At-risk individuals have a group of people advocating for their best interests, resulting in appropriate medical care.

What People Say About The Surrogate Decision Making Committee (SDMC)

I am so grateful to receive such a profound sense of service on the SDMC panel, since the least fortunate of our society need our ability to ‘speak out’ for them. SDMC serves staff and clients to empower very vulnerable people in getting much needed health care. Thank you for this privilege to serve in this way; to lift others up as a public benefactor. That’s what our society needs: institutions that encourage others! Thank you!

Mark
SDMC Volunteer

A couple of years after retiring from the United States Department of Justice, I heard about an opportunity to volunteer as a Surrogate Decision Maker (SDM). Shortly after completing training, I received my first assignment and have presided as the attorney panelist for 8 years, in approximately 75-100 cases. These matters have involved decisions for clients ranging in age from their late teens to mid seventies.

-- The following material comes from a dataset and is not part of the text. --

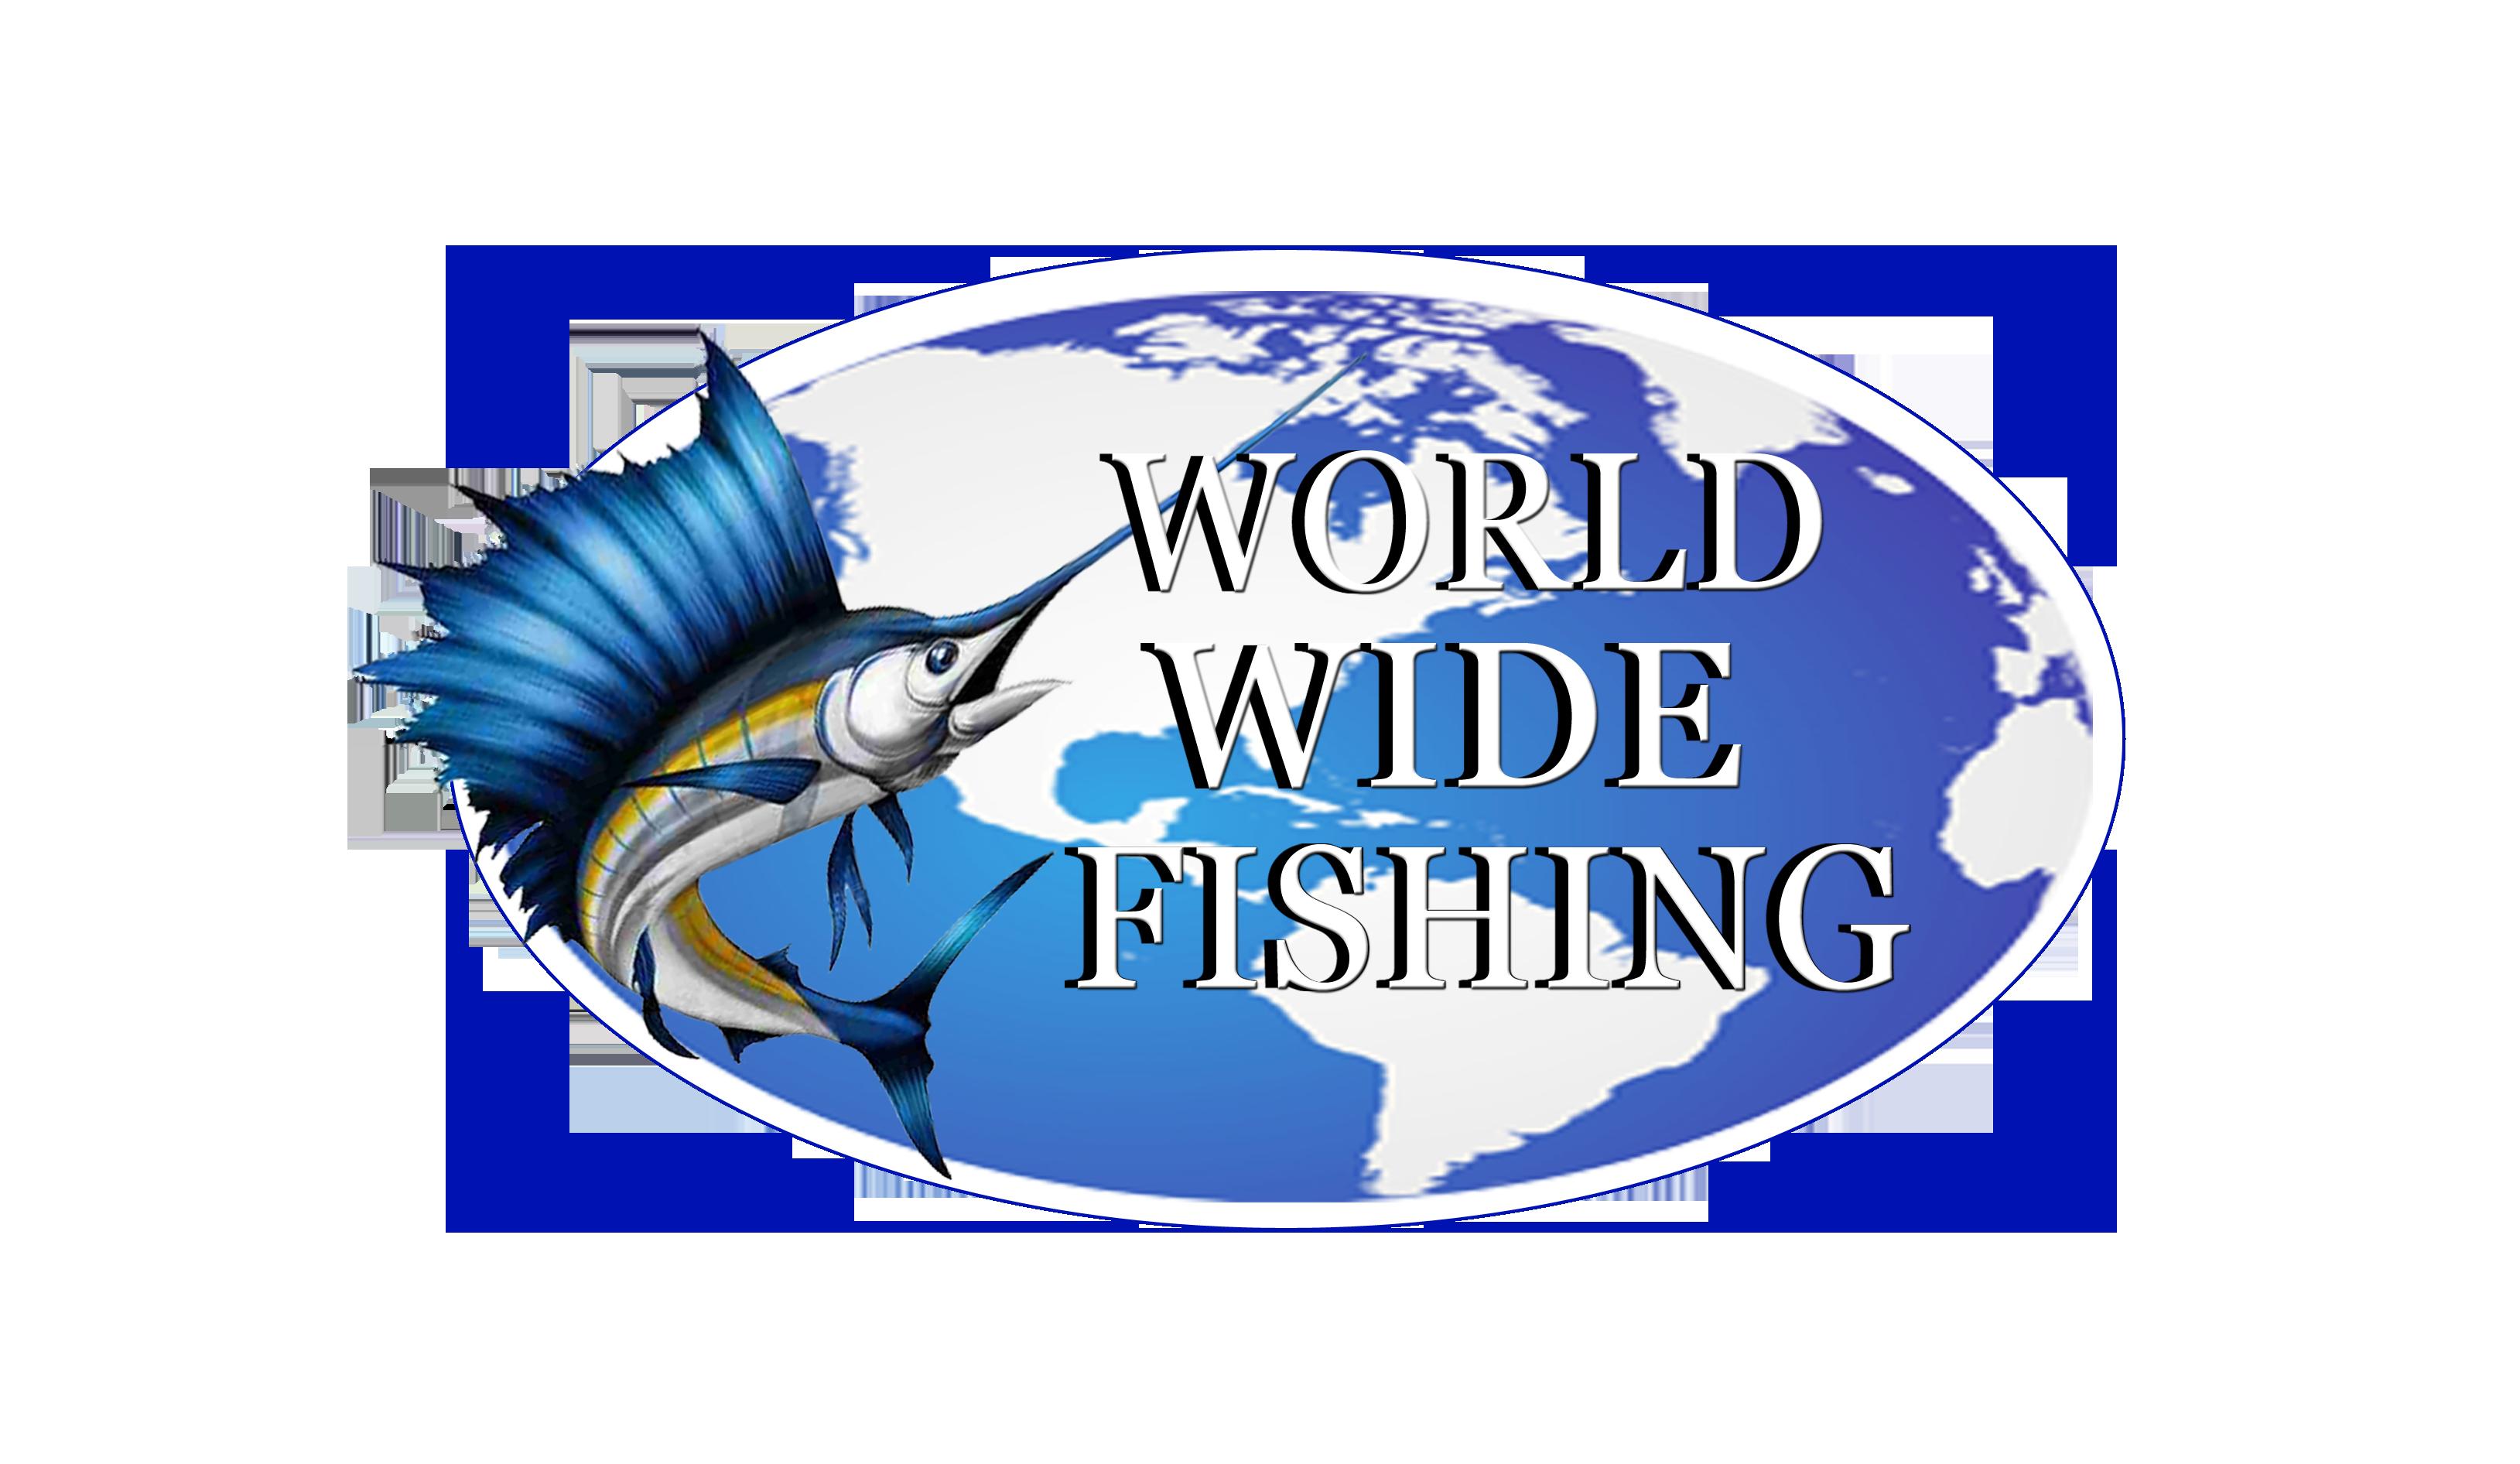 World Wide Fishing Guide

The medical care involved procedures such as: invasive screening procedures like colonoscopies and spinal surgery to correct deformities, or with conditions involving medical recommendations for end of life, palliative care, or even withdrawal from a respirator. My involvement in this personally fulfilling role has given me a better appreciation of the abilities as well as the disabilities of the people being served by the SDMC program, and enabled me to gain a better understanding of the day to day efforts of their caregivers and the professionals who provide them with service. I have learned that regardless of how routine or simple a medical procedure may be that I my fellow volunteers in the SDMC program play an exceptionally important role in making the three decisions: lack or existence of capacity for the client to make a health care decision, unavailability or willingness of qualified representative to make the decision, and whether the proposed treatment, when the answer to the two other questions is in the negative, is in the best interest of the patient. Making such decisions requires careful attention to the testimony and using ones skills to ask questions to obtain the information needed to make the decision. On a personal level, when it became necessary to make health care decisions for my aging parents, I felt much better equipped and emotionally able to deal with their advanced illnesses and finally hospice care decision-making.